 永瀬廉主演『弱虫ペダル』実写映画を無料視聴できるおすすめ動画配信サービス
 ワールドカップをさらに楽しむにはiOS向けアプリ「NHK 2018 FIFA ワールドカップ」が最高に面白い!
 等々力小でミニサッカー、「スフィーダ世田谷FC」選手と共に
* * *
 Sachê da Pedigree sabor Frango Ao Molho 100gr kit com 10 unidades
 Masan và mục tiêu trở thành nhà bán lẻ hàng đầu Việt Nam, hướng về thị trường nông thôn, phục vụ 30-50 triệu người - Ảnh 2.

> **TASK ITEM**
Quote the data above from the line containing "永瀬廉主演『弱虫ペダル』実写映画を無料視聴できるおすすめ動画配信サービス" to the line containing "等々力小でミニサッカー、「スフィーダ世田谷FC」選手と共に", inclusive, and stop.

> **TASK OUTPUT**
 永瀬廉主演『弱虫ペダル』実写映画を無料視聴できるおすすめ動画配信サービス
 ワールドカップをさらに楽しむにはiOS向けアプリ「NHK 2018 FIFA ワールドカップ」が最高に面白い!
 等々力小でミニサッカー、「スフィーダ世田谷FC」選手と共に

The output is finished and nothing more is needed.